Brief ::
Set the material down again exactly, line by line, skipping each picture.

Supplied information ::
★ ★ ★

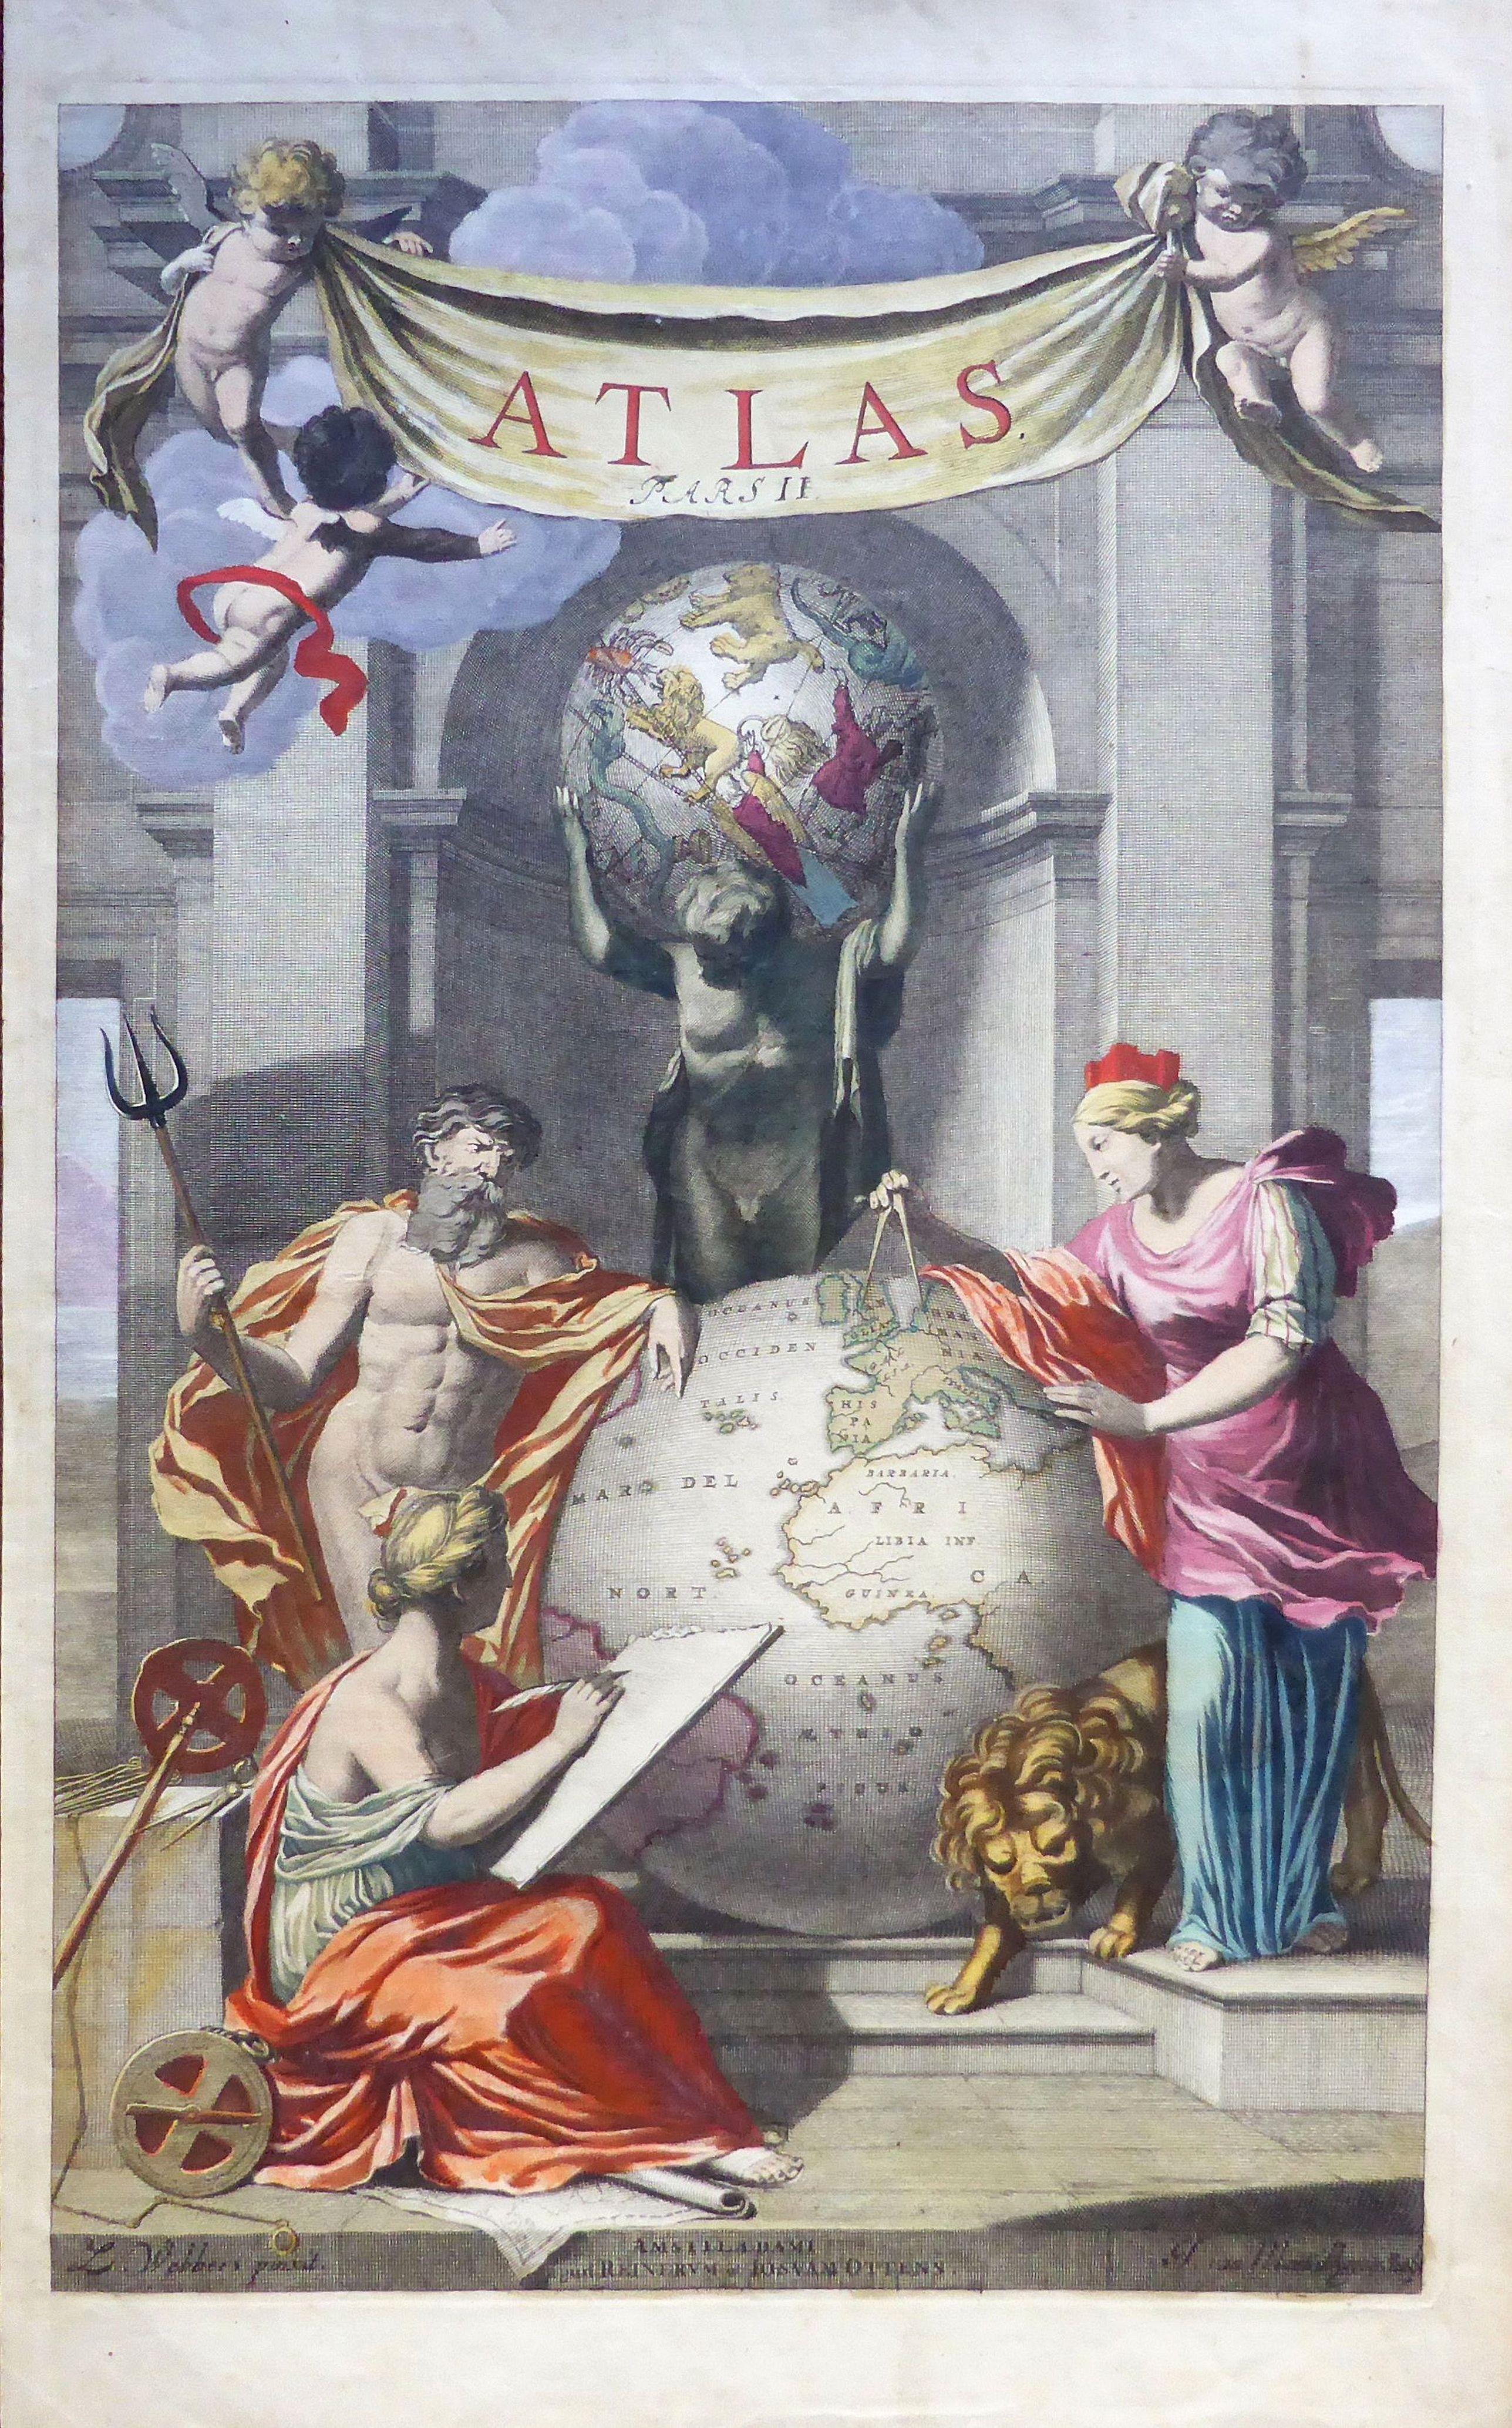 J van Munnikhuysen.  - ATLAS PARS II.
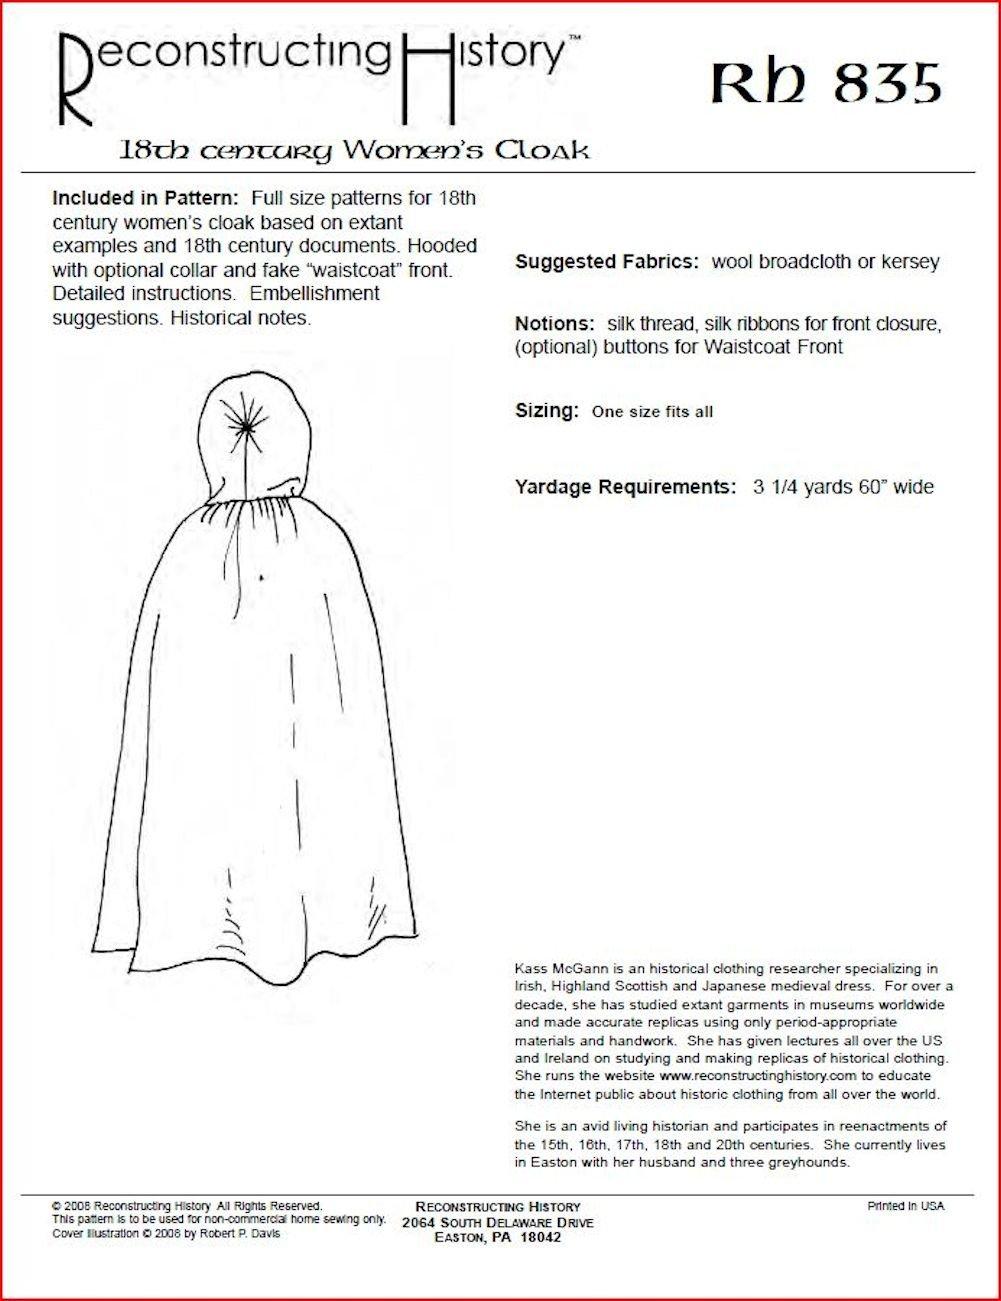 Amazon.com: 18th Century Women\'s Cloak Pattern: Arts, Crafts & Sewing
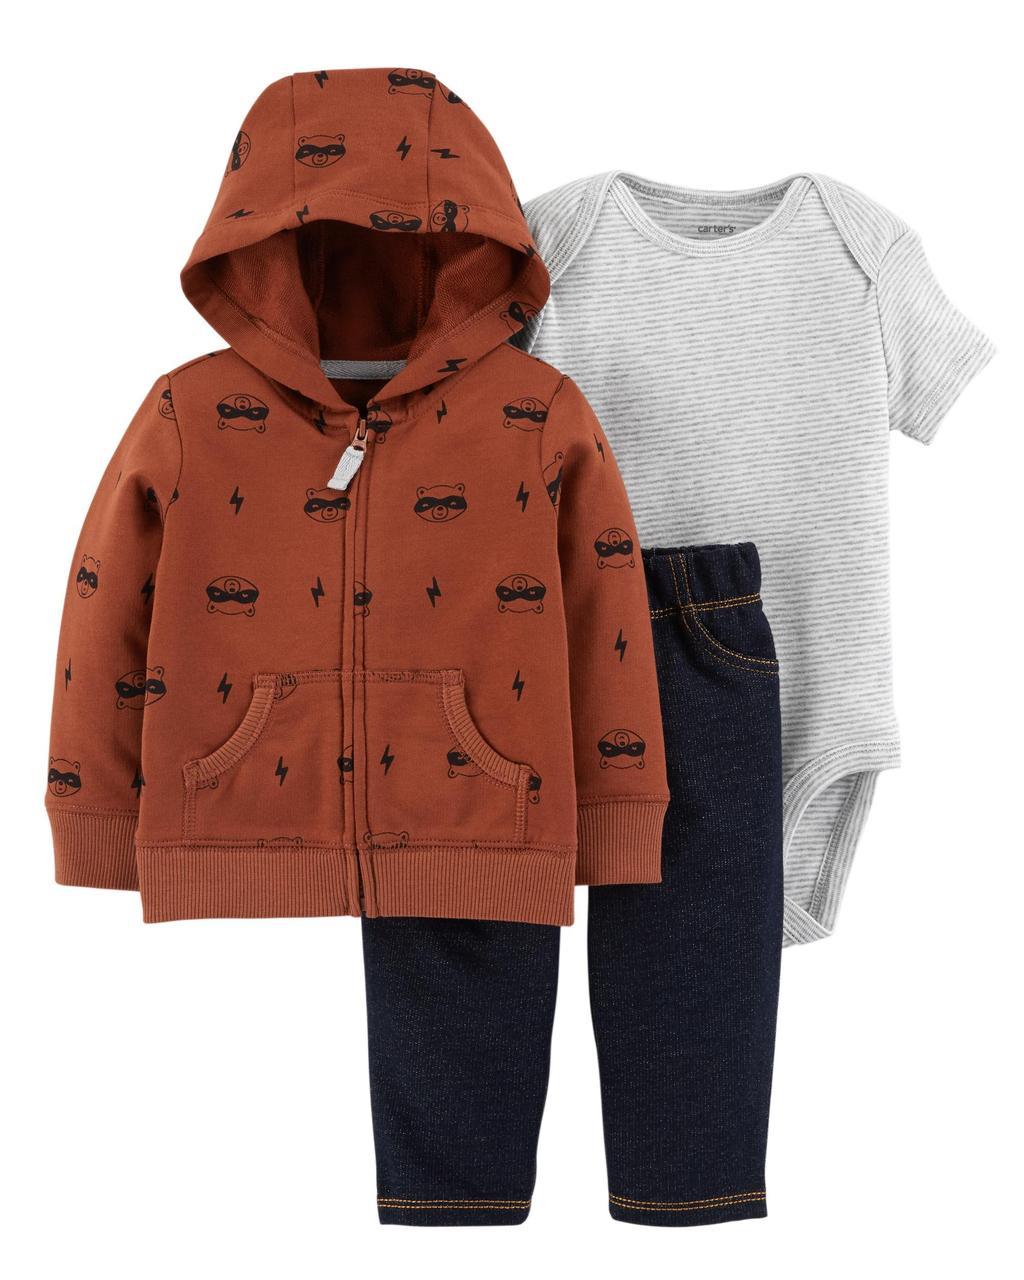 Комплект для хлопчика carter's (курточка, боді, штани), 6міс

★ ★ ★

Result ::
 J van Munnikhuysen.  - ATLAS PARS II.
 Amazon.com: 18th Century Women\'s Cloak Pattern: Arts, Crafts & Sewing
 Комплект для хлопчика carter's (курточка, боді, штани), 6міс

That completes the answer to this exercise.